Il existe une histoire de l’incertitude –  théorisée en mathématiques par Werner Heisenberg, éparpillée sous forme de mots par Stéphane Mallarmé et les poètes du vers libre, prolongée dans les indéterminations de l’abstraction moderniste et reprise dans l’art du portrait par Francis Bacon  – dont la puissance et la portée sont nouvellement réalisées dans l’œuvre de Lynette Yiadom-Boakye  : dans ses tableaux, l’incertitude prend l’apparence d’une dialectique d’ombre et de lumière. L’artiste, née de parents anglo-ghanéens en  1977, a produit un corpus d’œuvres plus intéressant –  du point de vue de cet observateur tout au moins  – que tout autre peintre de sa génération. Elle a gagné divers prix généreusement dotés, bénéficie d’expositions très en vue à New York, Londres et au Cap, et ses peintures se vendent désormais plusieurs milliers de livres. Ce succès est incontestable du point de vue de la logique de l’art contemporain, mais ses tableaux conservent une part d’incertitude qui trouble notre attention, interdit des conclusions hâtives sur leur signification et peut se révéler critique vis-à-vis de la puissance déroutante de son œuvre. Considérons la peinture Oyster. Le sujet de ce tableau est un corps présenté à son observateur tel un assemblage de zones sombres cernées par les coups de pinceau révélant une robe de chambre blanchâtre. Le corps est délinéé à gros traits sur les fonds du mur et du sol blanc cassé, un pastiche presque brut des doux arrière-plans de Velázquez ou Manet. Le corps, juché sur le bord d’un luxueux fauteuil rouge dans une robe de chambre et d’élégantes chaussures plates, évoque une célébrité dans sa loge, tolérant de se laisser faire le portrait, une main patiemment placée sur l’autre. Toutefois, le visage présente un enthousiasme qui trahit le corps. Les épaisses ombres noires que projette le buste du corps sur le mur arrière suggèrent les effets d’un flash de photographie. Mais l’accent que met habituellement la photographie sur les caractéristiques corporelles du sujet et le désintérêt pour le reste du monde sont ici absents  ; les coups de pinceau utilisés pour représenter ce corps n’offrent pas les attentions narcissiques que la photographie promet.  L’indétermination de ces peintures offre un miroir satirique du racismedes appareils photo.

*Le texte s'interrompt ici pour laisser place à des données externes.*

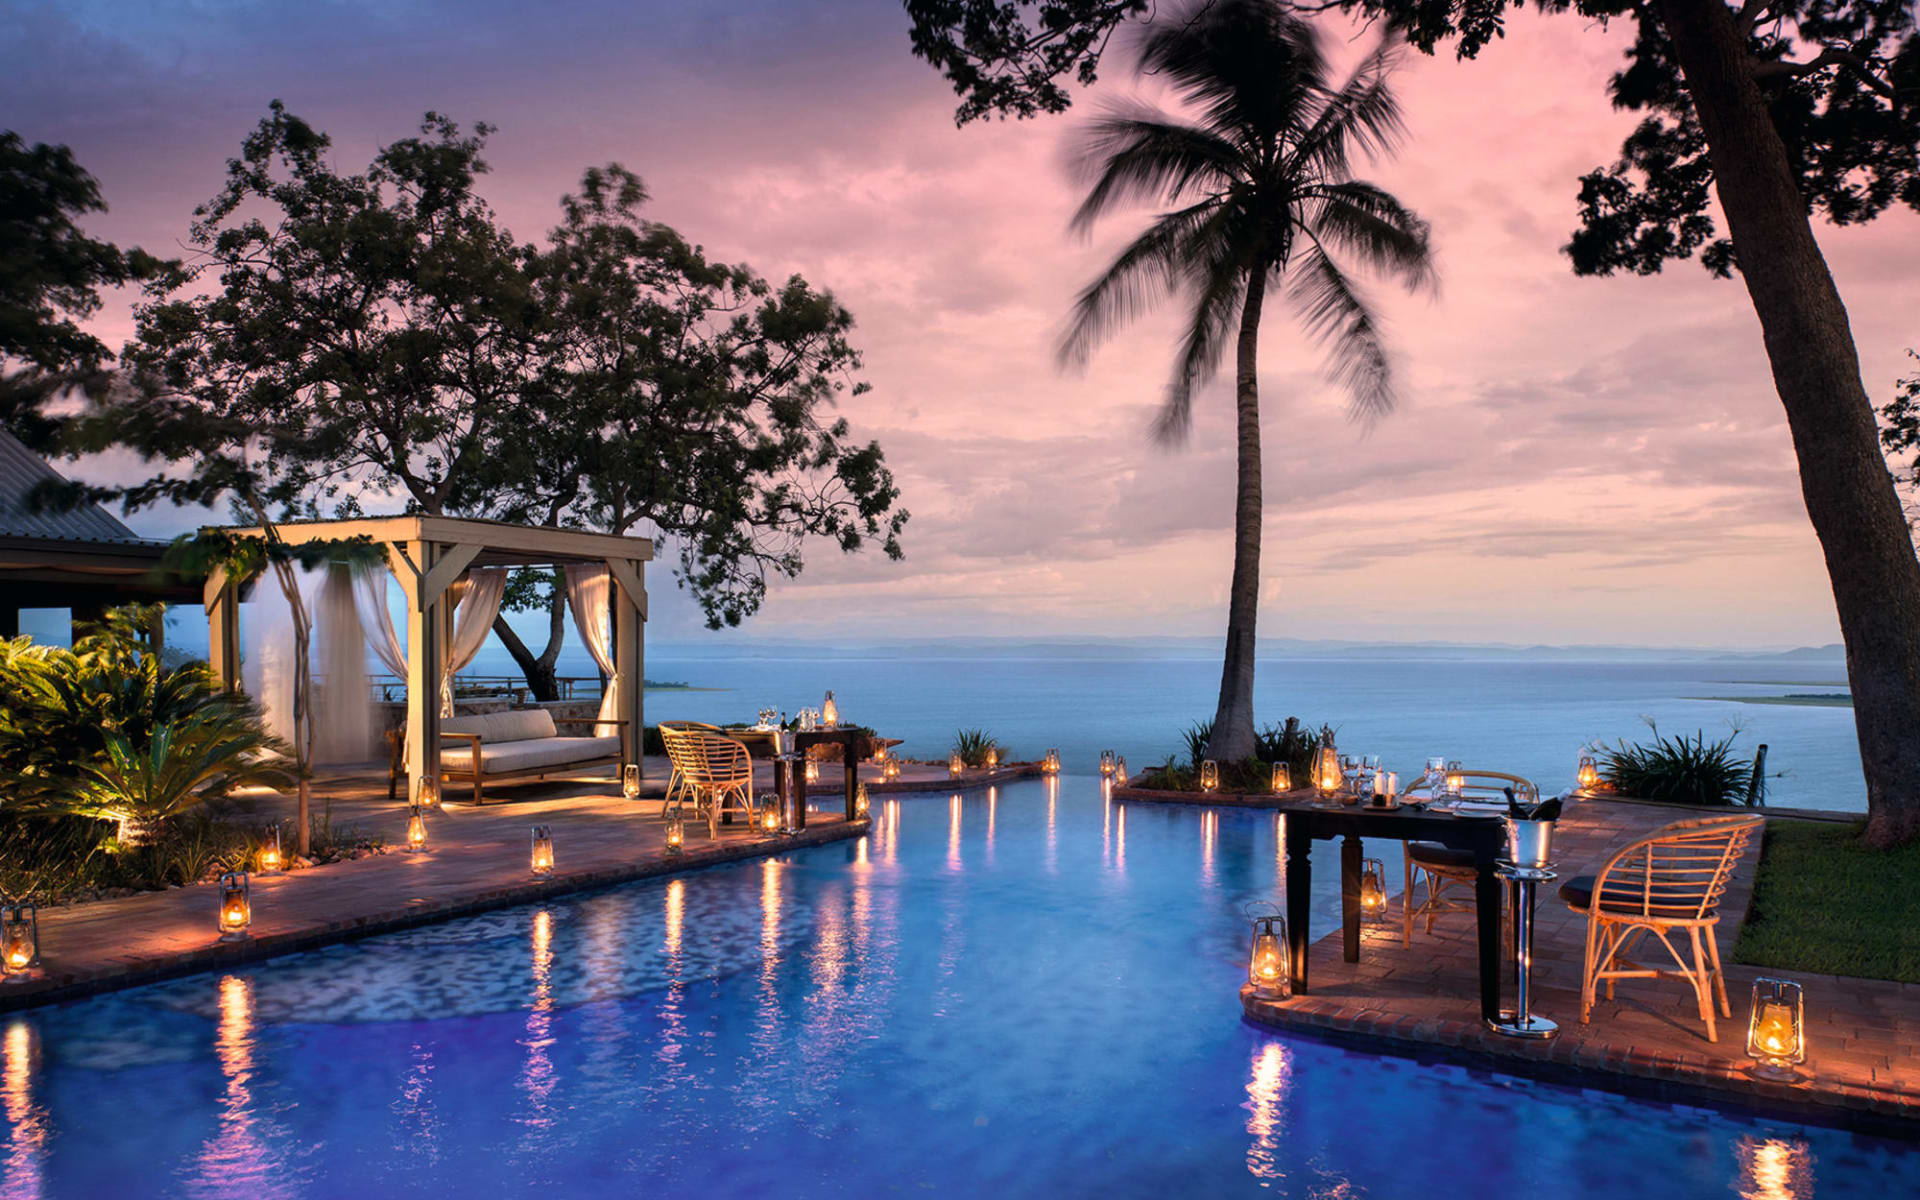 Bumi Hills Safari Lodge in Kariba: 10_facilities Bumi Hills -Swimmingpool bei D�mmerun gmit Blick auf Lake Karibe c African Bush Camps

Dans cette peinture, l’interaction de la lumière et de l’ombre suscite une incertitude chez l’observateur, inhérente à la puissance de ces tableaux. Là où l’observateur d’une peinture à l’huile de même dimension exposée dans une galerie d’art nationale s’attendrait à identifier les signifiants qui déterminent l’apparence –  les éléments sociologiques tels le genre, la sexualité, la classe, le nom, l’inclination  – les portraits de Yiadom-Boakye n’offrent qu’incertitude. Qui est –  ou qu’est-ce que  – cette Oyster ? Un observateur limité penserait peut-être aux «  oyster cards  » du confortable et onéreux système de transport londonien; ou encore entendrait-on Zora Neale Hurston« sharpening her oyster knife  » (affûtant son couteau à huitre); pour ma part, je reste dans l’incertitude, ne sachant à qui appartient ce monde. Si c’est un nom, «  Oyster  » ne confirme aucunement le genre du sujet, mais les connotations aphrodisiaques de l’huitre, la magie bienveillante du référent de sa silhouette, sont autant de signaux de l’érotisme de cette incertitude. Il est incertain que ce corps soit masculin ou féminin. Cette indétermination est centrale dans le questionnement radical de la thématique de l’identité dans l’art. Le dernier poème d’Ibn al-’Arabi dans Bulaq Diwan, I saw males in females (J’ai vu des hommes dans les femmes), alterne les constructions masculines et féminines afin de produire un espace où la révélation de la vérité est une nouvelle sorte de confusion. Les « questions indéterminées » posées par la poésie ou la peinture offrent une résistance exemplaire aux grammaires –  visuelles et linguistiques  – de l’empire qui détermine les identités. Dans Oyster, le corps représenté est peint pour l’observateur alors que, simultanément, l’observateur est attiré par lui  ; cette figure de style rappelant le chiasme représente le monde de l’incertitude. Si l’on inverse la perspective  : à quel monde appartient le corps de cet «  oyster  »? Les titres de Yiadom-Boakye revêtent souvent une dimension poétique qui ne correspond pas totalement aux données visuelles du tableau, créant une non-rencontre de significations entre le titre et la peinture, une dissonance sémantique entre le nom et l’image qui décrit un corps dont l’identité est indéterminée. Ayant à l’esprit les mots de Gertrude Stein, et Rose Neither Poetry dans notre ligne de mire, l’artiste répond «  une peinture est une peinture est une peinture est une peinture  ».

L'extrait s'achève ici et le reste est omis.